* **DATA PROVIDED**:
Content starts

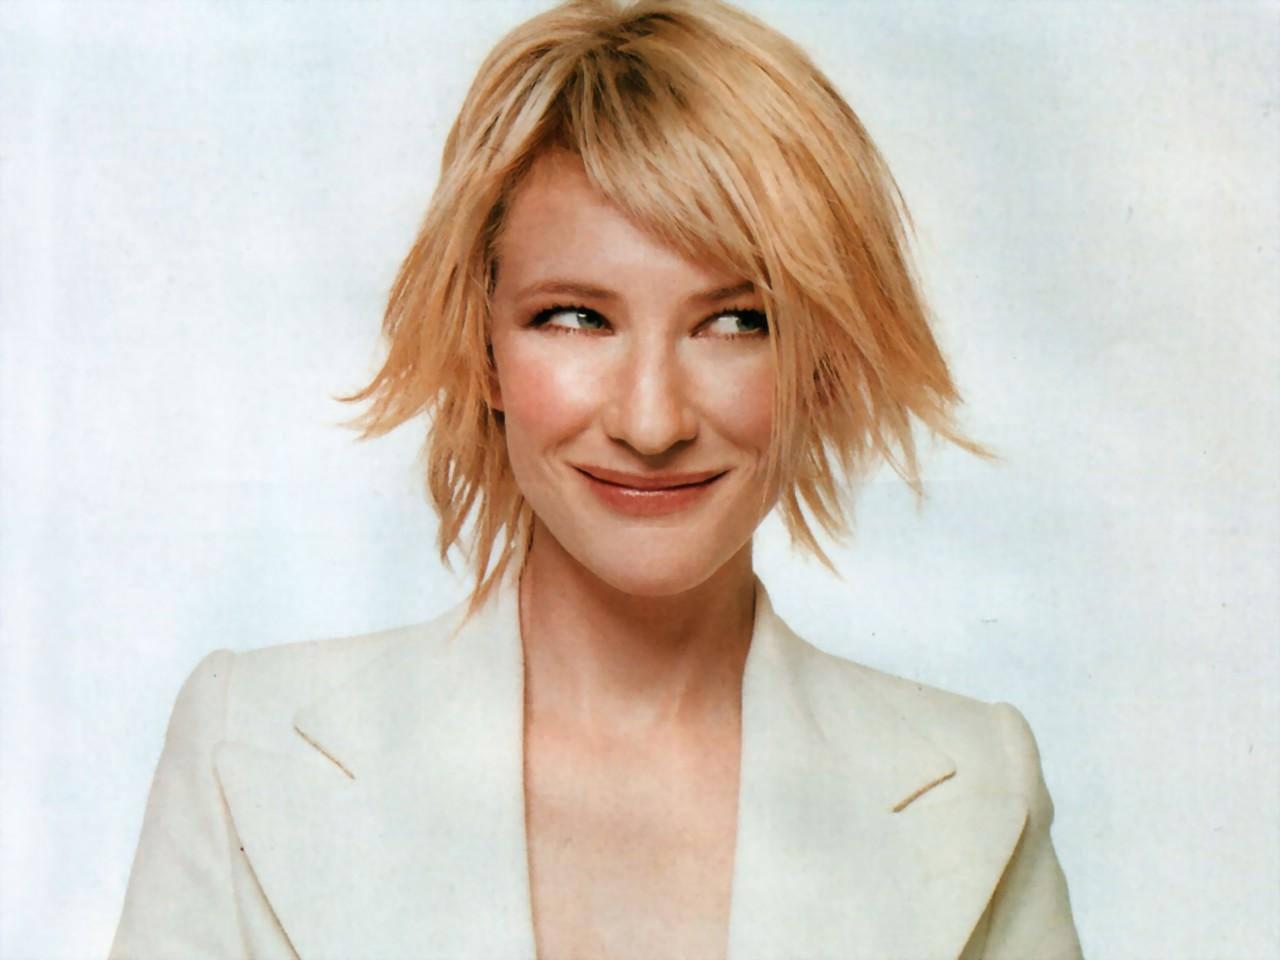 http://1.bp.blogspot.com/_Si7zjQmZnm4/SpC0YNSqLcI/AAAAAAAAEtM/IoDoKX0PaOc/s1600/Fullwalls.blogspot.com_Cate_Blanchett%2820%29.jpg
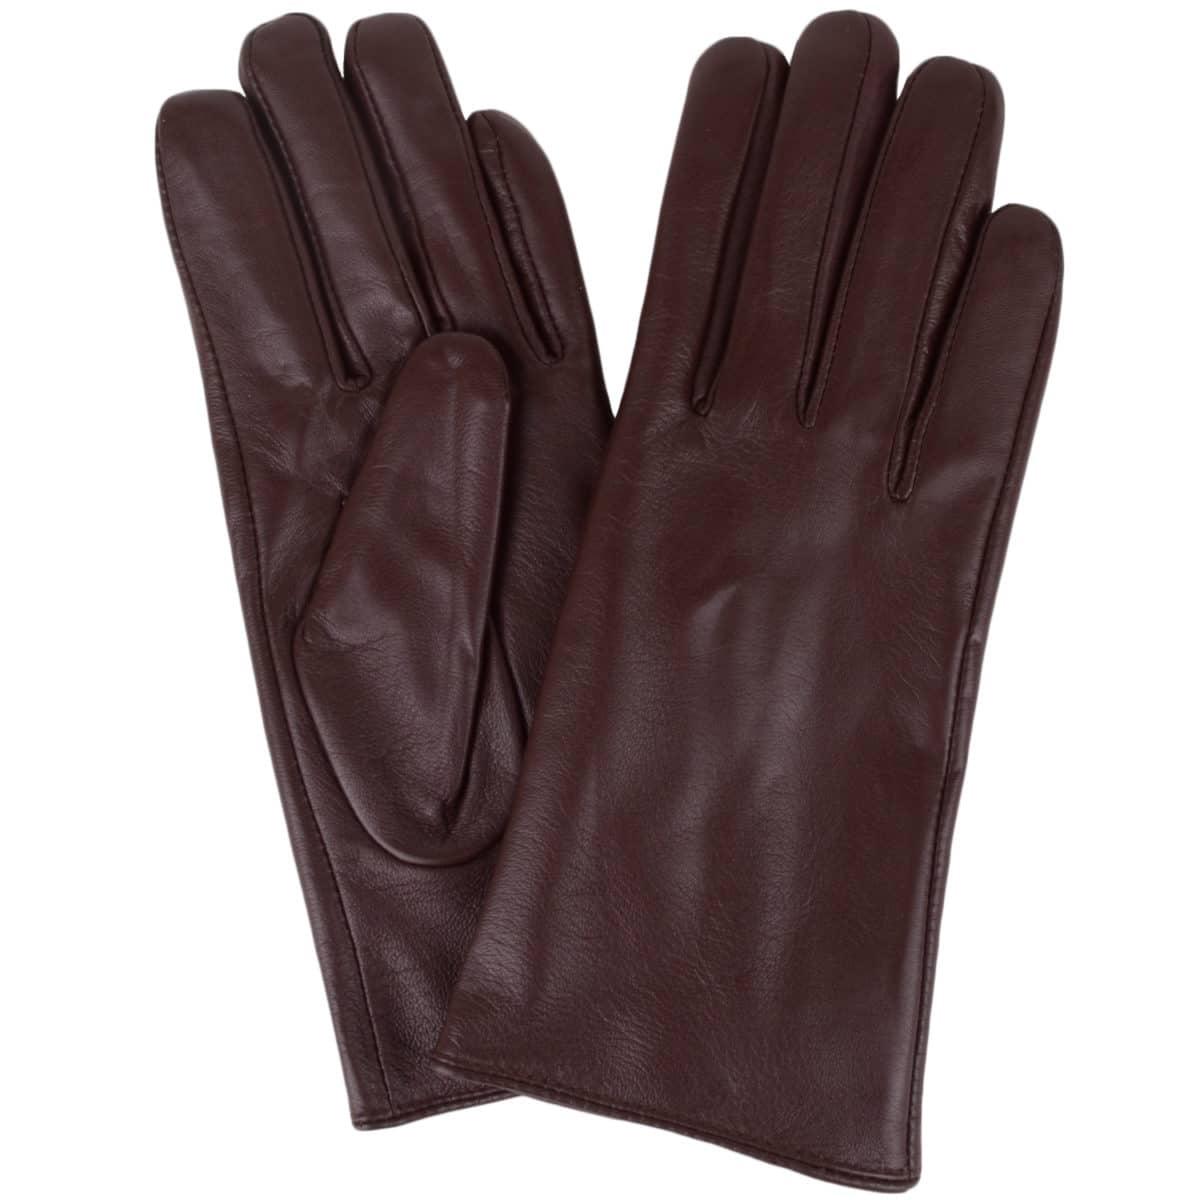 ladies leather gloves brown snugrugs
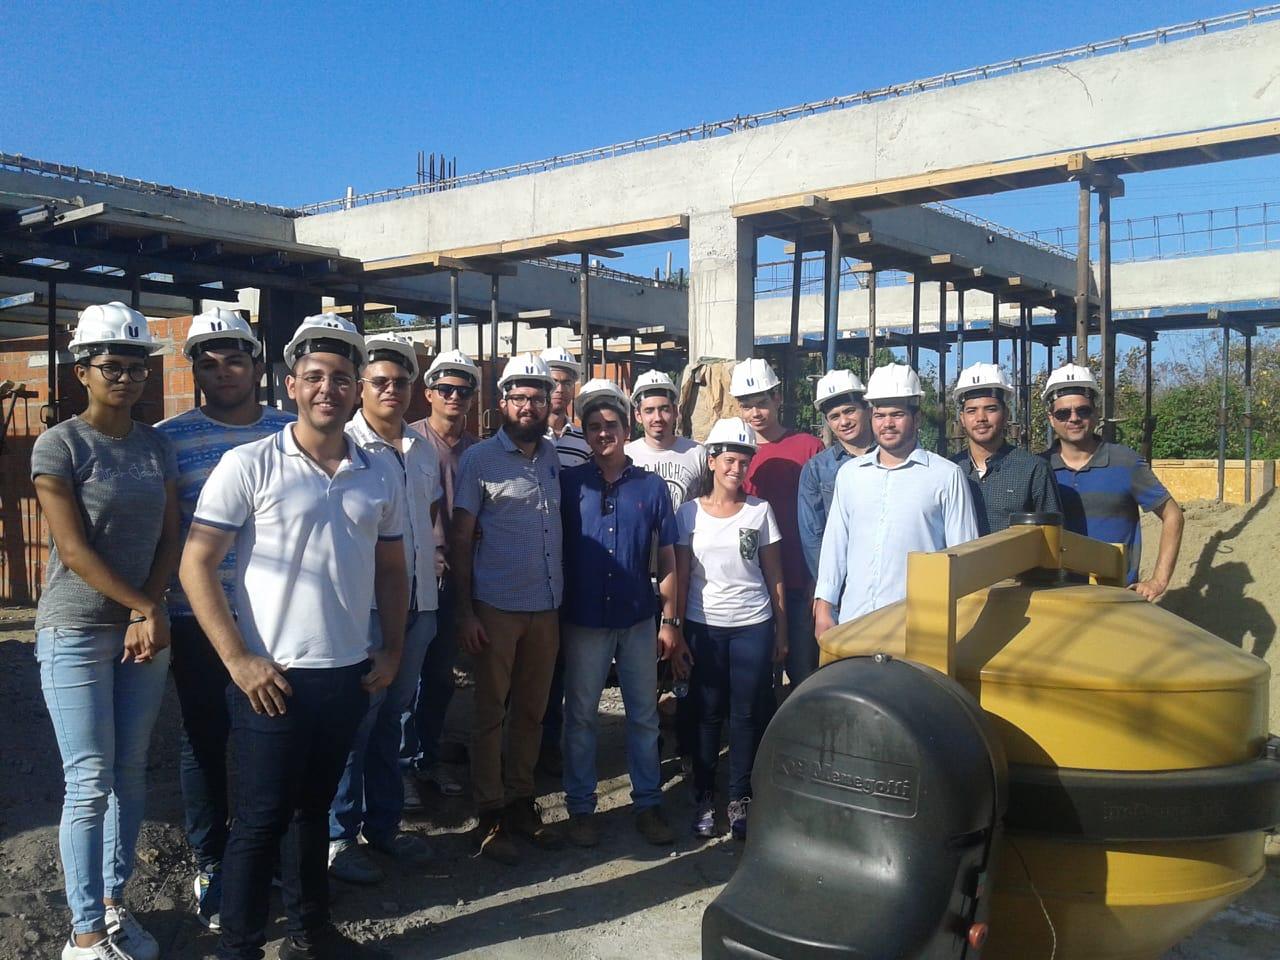 Alunos do Curso de Engenharia Civil da Unichristus visitaram a uma obra Residencial no Alphaville.

Content ends

* **DIRECTIONS FOR THIS TASK**: Once the pictures are set aside, output the whole listing exactly.

* **ANSWER SECTION**:
 http://1.bp.blogspot.com/_Si7zjQmZnm4/SpC0YNSqLcI/AAAAAAAAEtM/IoDoKX0PaOc/s1600/Fullwalls.blogspot.com_Cate_Blanchett%2820%29.jpg
 ladies leather gloves brown snugrugs
 Alunos do Curso de Engenharia Civil da Unichristus visitaram a uma obra Residencial no Alphaville.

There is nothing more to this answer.